In 1945, Britain and France were rivals for control over the Middle East, and the former hoped to keep the Land of Israel under the authority of a friendly Arab ruler, while expanding its influence into the French protectorate of Syria. The British had at the time recruited Jamil Mardam Bey, a senior minister in the Syrian government, to work for them. When French intelligence caught him, they managed to turn him to their side. Meir Zamir, drawing on newly revealed archival materials, discovered something surprising about this relationship:
It all began in October 1945, when the French encountered a new problem. Mardam had been appointed Syria’s ambassador to Egypt and its envoy to the Arab League headquarters in Cairo, but the French had a hard time utilizing him there without arousing suspicion. The solution was to recruit Eliahu Sasson for the mission of relaying the information provided by Mardam.
Sasson, who was then the head of the Arab division of the Jewish Agency’s political department, had been appointed by the Agency’s head David Ben-Gurion in February 1945 to coordinate cooperation with French intelligence. The Syrian-born Sasson knew Mardam and had met with him in 1937, when the latter had served as prime minister, [a position to which he would later return]. The French, who were well acquainted with Sasson and thought highly of his operational capabilities, began to collaborate with him in handling Mardam.

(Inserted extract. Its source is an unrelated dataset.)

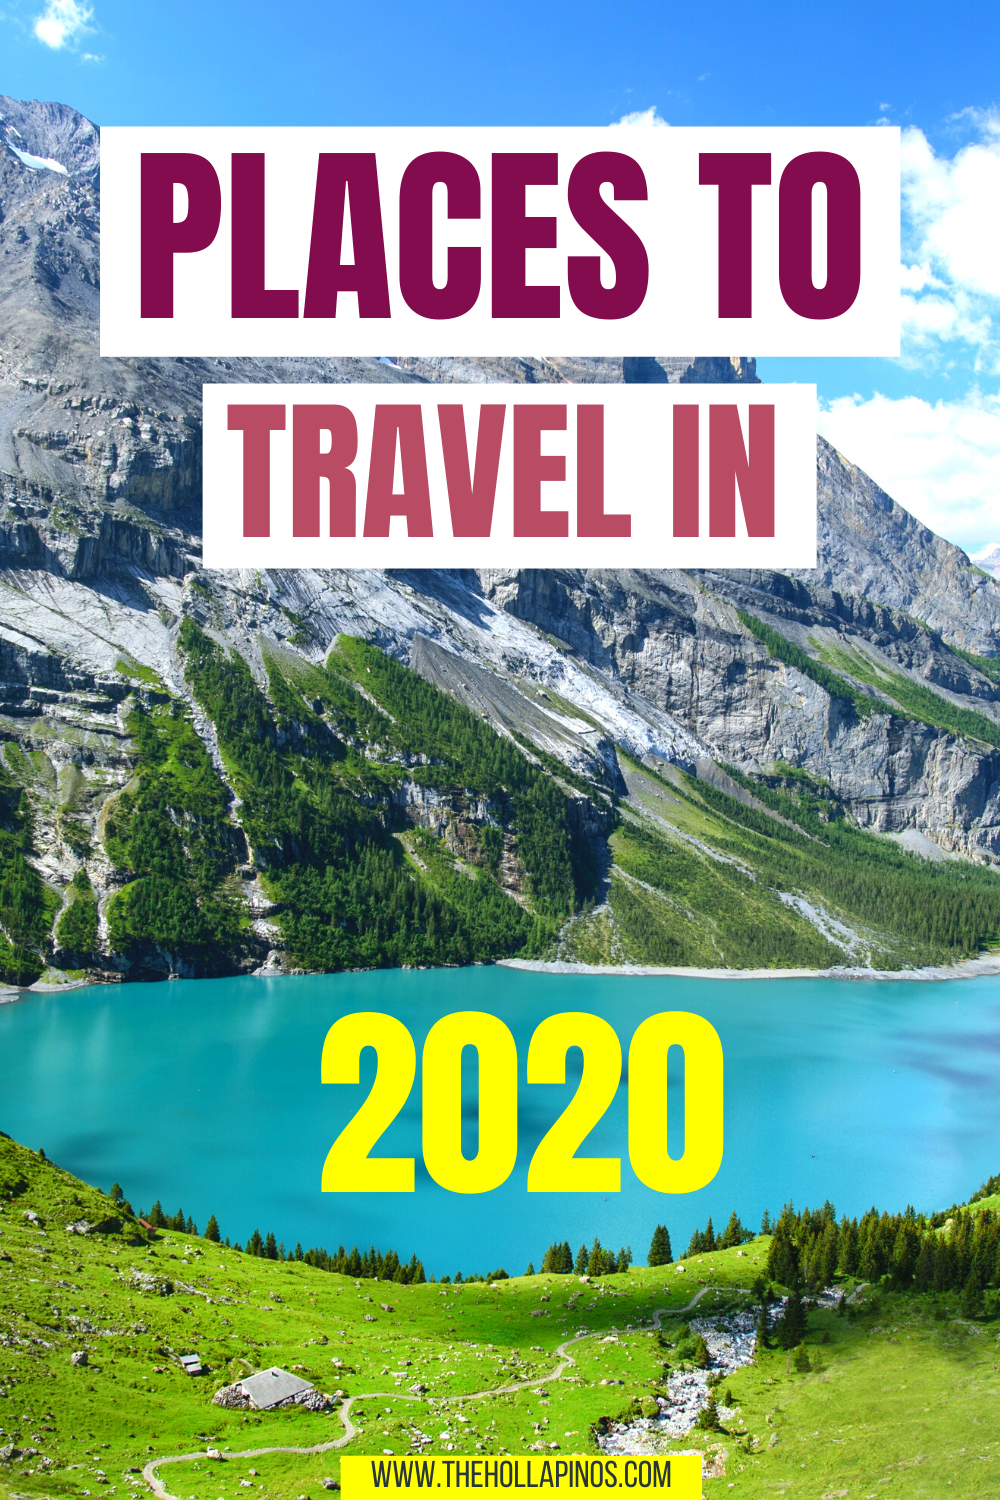 Countries to travel after lockdown due to coronavirus | 2020 Travel Destinations | The Hollapinos -   19 travel destinations Italy things to ideas

From July 1945, Ben-Gurion had prepared for the possibility of an attack by the Arab states should the Jewish state declare its independence. But the information from Mardam turned the spotlight elsewhere. Ben-Gurion learned that the immediate threat to the establishment of the Jewish state lay not in an attack by Arab armies, but rather in the plan of British military commanders and intelligence agencies in the Middle East to thwart that development by various other means. These included declaring the Haganah militia a terrorist organization and disarming it, and implementing the “Greater Syria plan,” under which a limited Jewish entity would be created in Mandatory Palestine, but not an independent state.